The Framework: RPFMSE

Every ML system design answer should follow these 6 steps. This structure ensures you cover everything interviewers evaluate - and prevents the most common failure mode (spending 30 minutes on the model and 0 minutes on serving and evaluation).

RPFMSE Framework - 6 steps: Requirements, Problem Formulation, Features, Model, Serving, Evaluation

Step 1: Requirements (5 min)

Goal: Clarify the problem before designing anything.

Questions to Ask

Functional requirements:

  • What is the core user experience? What does the user see/do?
  • What inputs does the system receive? What outputs does it produce?
  • What scale are we designing for? (users, requests/sec, data volume)

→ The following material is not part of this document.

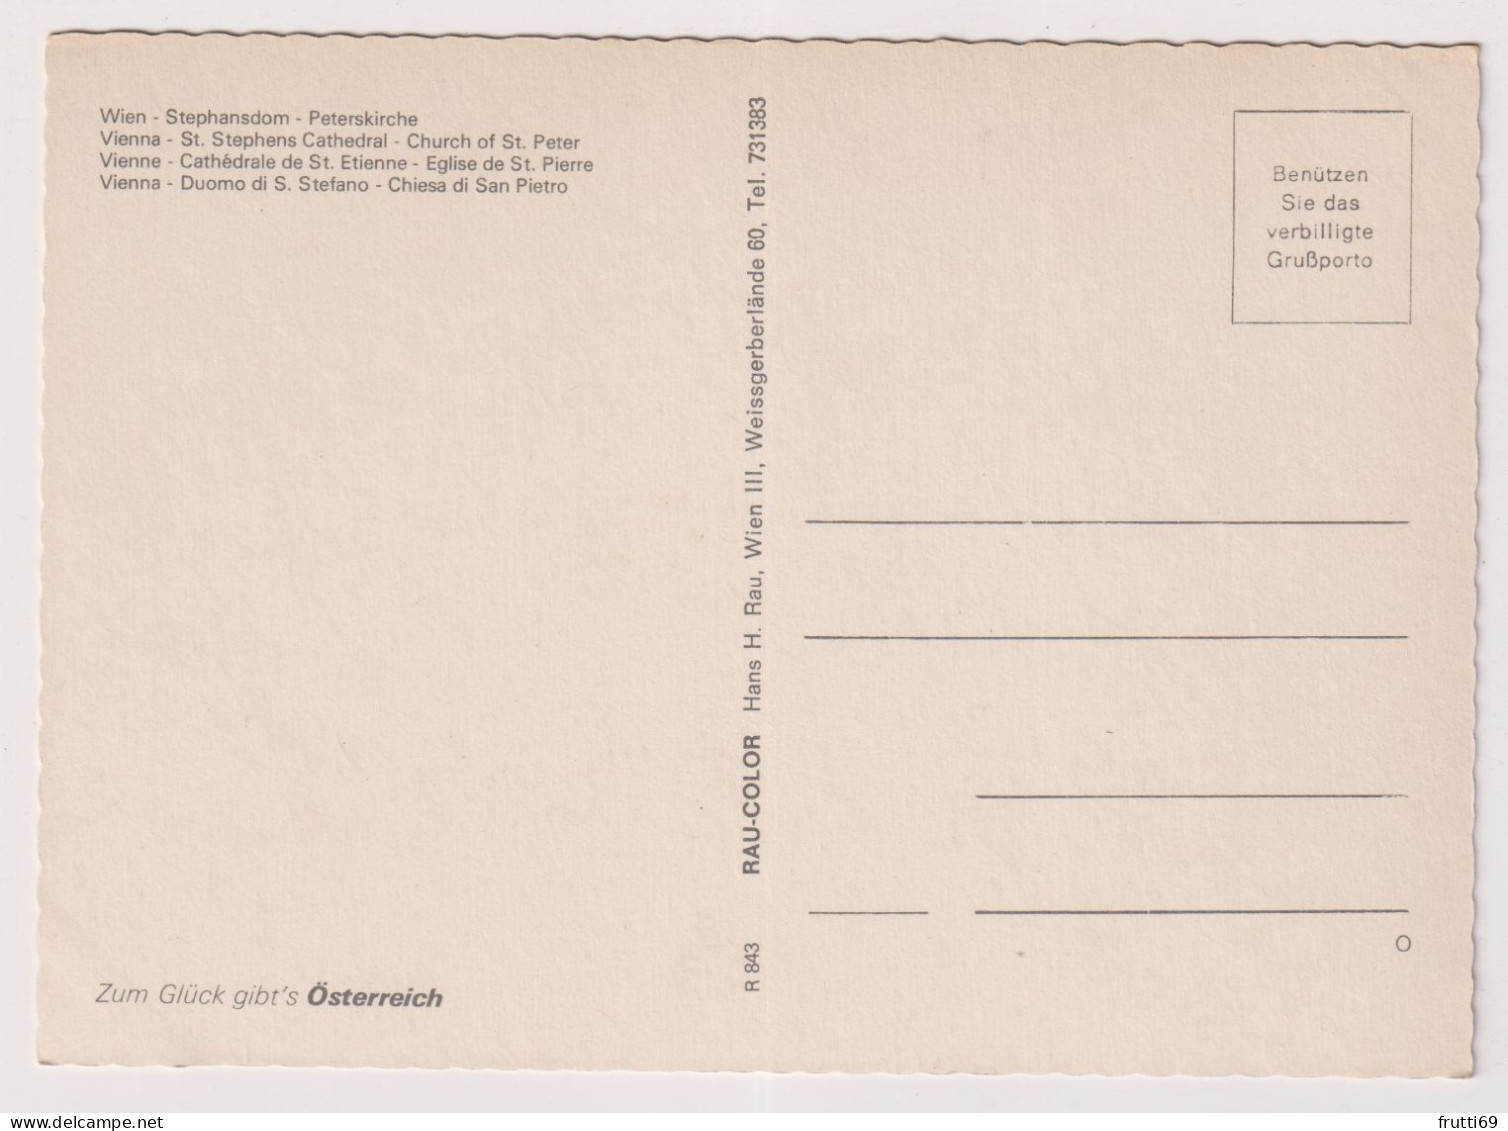 AK 198905 AUSTRIA - Wien - Stephansdom - Peterskirche - Kerken

Non-functional requirements:

  • What's the latency budget? (real-time: <100ms, near-real-time: <1s, batch: hours)
  • What's the accuracy/quality bar? (99.9% precision, or 80% recall is fine?)
  • What's the cost budget? (GPU serving at scale is expensive)
  • Is there existing data? Labels? Infrastructure?

BAD: Skip requirements and start drawing boxes.

GOOD: "Before I design, let me make sure I understand the constraints. We're building a recommendation system for an e-commerce platform with 10M users, 1M products, and we need to serve recommendations in under 200ms. Are there specific business objectives - increasing revenue, engagement, or both? And do we have historical user-item interaction data to start with?"

Interviewer's Perspective

The requirements phase is where I assess seniority. Junior candidates skip it entirely. Mid-level candidates ask basic questions. Senior candidates ask the questions that change the design - like "Is this real-time or batch?" or "Do we optimize for revenue or engagement?" These questions show you've built real systems and know what matters.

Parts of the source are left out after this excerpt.